Now that we have packages available, we can also add pre-commit hooks to our development shell. Using the popular pre-commit tool. First, we need to add a new input to our flake.

{
inputs.nixpkgs.url = "github:NixOS/nixpkgs/nixos-unstable";
inputs.flake-utils.url = "github:numtide/flake-utils";
inputs.gomod2nix.url = "github:nix-community/gomod2nix";
inputs.gomod2nix.inputs.nixpkgs.follows = "nixpkgs";
inputs.gomod2nix.inputs.flake-utils.follows = "flake-utils";
inputs.pre-commit-hooks.url = "github:cachix/pre-commit-hooks.nix";
}

Then add the pre-commits as an argument to our outputs and make sure its accessible to our devShell, this is where we will set up our pre-commit hooks.
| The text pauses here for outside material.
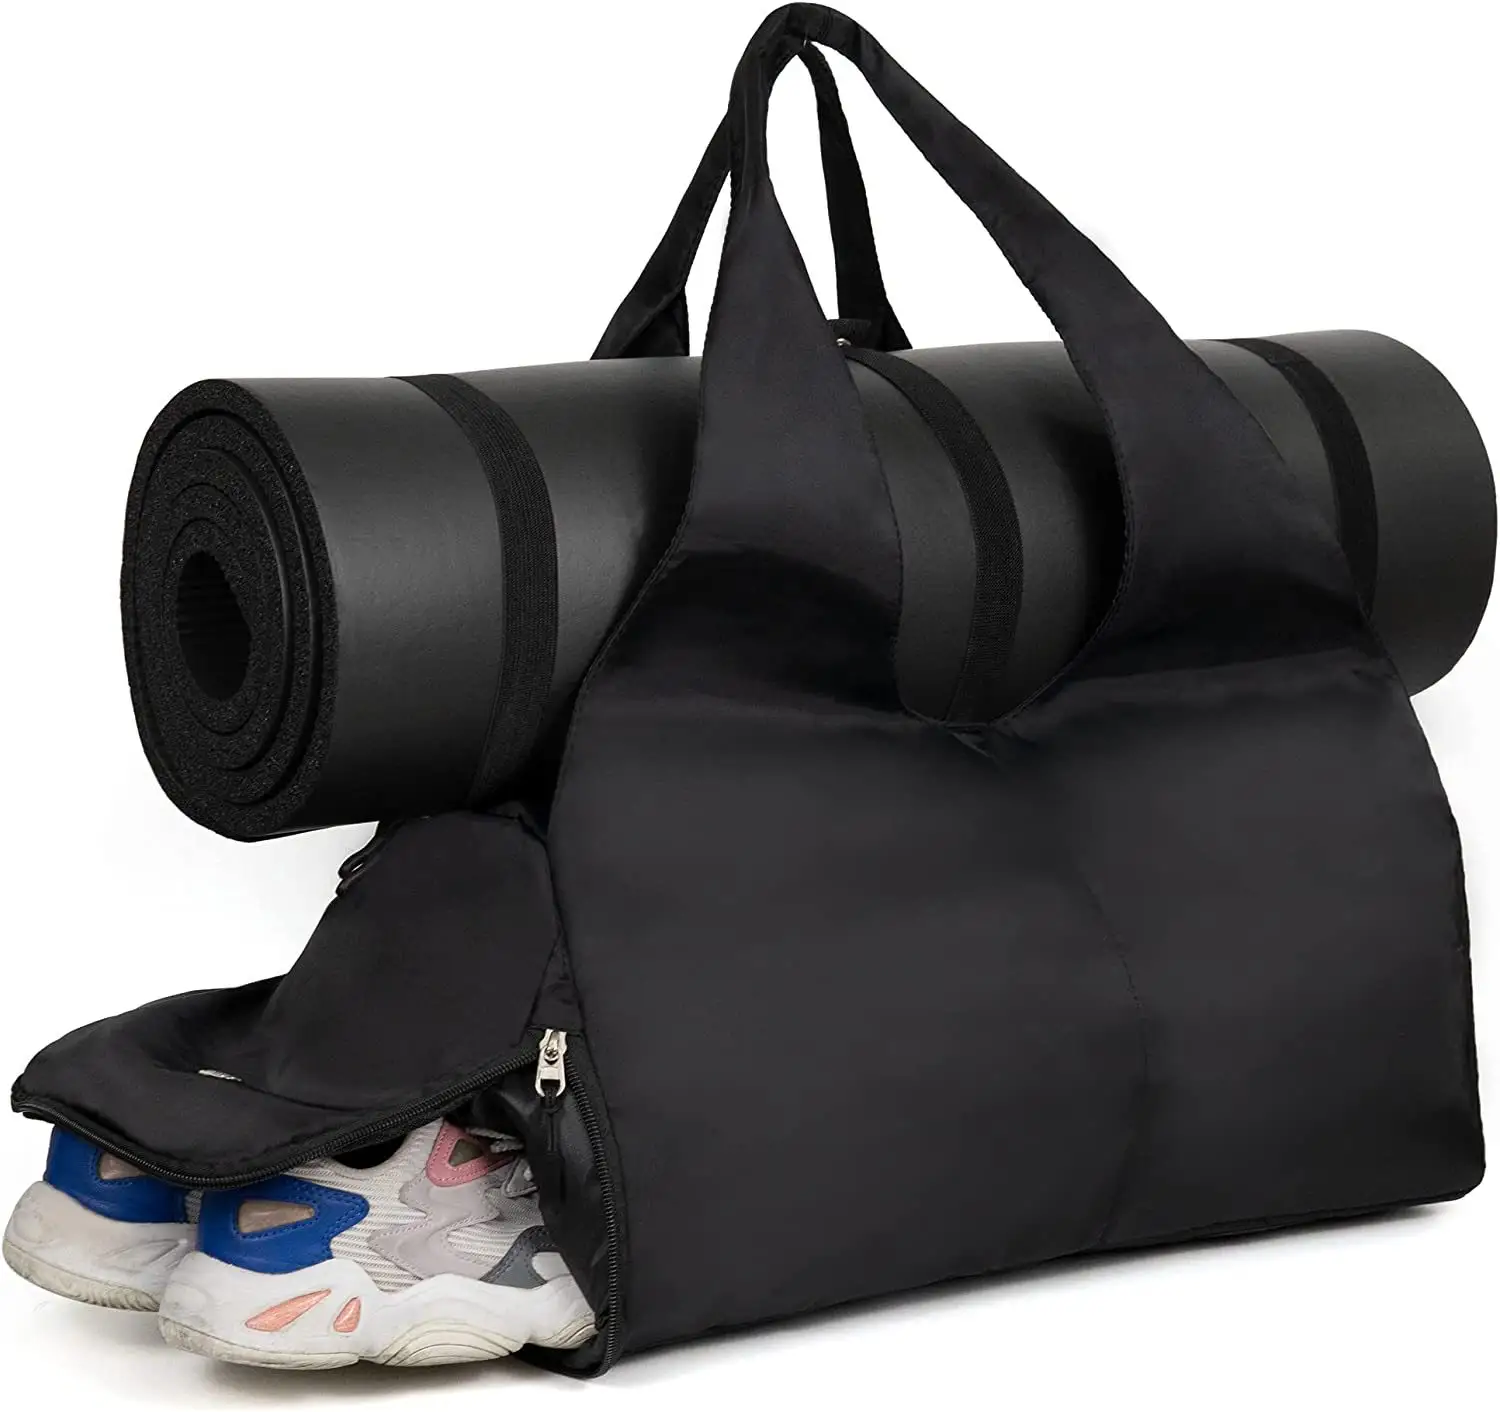 Bolsa de viagem compatível com laptop + compartimento para sapatos de até 13,3", bolsa de ioga esportiva feminina para o fim de semana durante a noite, 19"

outputs = { self, nixpkgs, flake-utils, gomod2nix, pre-commit-hooks, ... }: {
  devShells.default = callPackage ./shell.nix {
    inherit (gomod2nix.legacyPackages.${system}) mkGoEnv gomod2nix;
    inherit pre-commit-hooks;
  };
}

Then in our shell.nix file we want it to look something like this:

{ pkgs 
, mkGoEnv ? pkgs.mkGoEnv
, gomod2nix ? pkgs.gomod2nix
, pre-commit-hooks
, ...
}:

let
  pre-commit-check = pre-commit-hooks.lib.${pkgs.system}.run {
    src = ./.;
    hooks = {
      gofmt.enable = true;
      golangci-lint = {
        enable = true;
        name = "golangci-lint";
        description = "Lint my golang code";
        files = "\.go$";
        entry = "${pkgs.golangci-lint}/bin/golangci-lint run --new-from-rev HEAD --fix";
        require_serial = true;
        pass_filenames = false;
      };
      goimports = {
        enable = true;
        name = "goimports";
        description = "Format my golang code";
        files = "\.go$";
        entry =
          let
            script = pkgs.writeShellScript "precommit-goimports" ''
              set -e
              failed=false
              for file in "$@"; do
                  # redirect stderr so that violations and summaries are properly interleaved.
                  if ! ${pkgs.gotools}/bin/goimports -l -d "$file" 2>&1
                  then
                      failed=true
                  fi
              done
              if [[ $failed == "true" ]]; then
                  exit 1
              fi
            '';
          in
          builtins.toString script;
      };
    };
  };
in

pkgs.mkShell {
  inherit (pre-commit-check) shellHook;
}

When we enter our nix shell it will automatically install pre-commit hooks and the yaml file .pre-commit-config.yaml (We should add this file to a gitignore). That’s all we need to get our pre-commit.

Build go binary

To build our binary using Nix we can simply run nix run, where we can see how this works in our default.nix file. Particularly the part with buildGoApplication 3:

buildGoApplication {
  pname = "myapp";
  version = "0.1";
  pwd = ./.;
  src = ./.;
  modules = ./gomod2nix.toml;
}

That’s it! We set up a development shell using Nix flakes for our go project. Including adding pre-commits and how we can build our Go binary using nix. Leveraging the gomod2nix tool.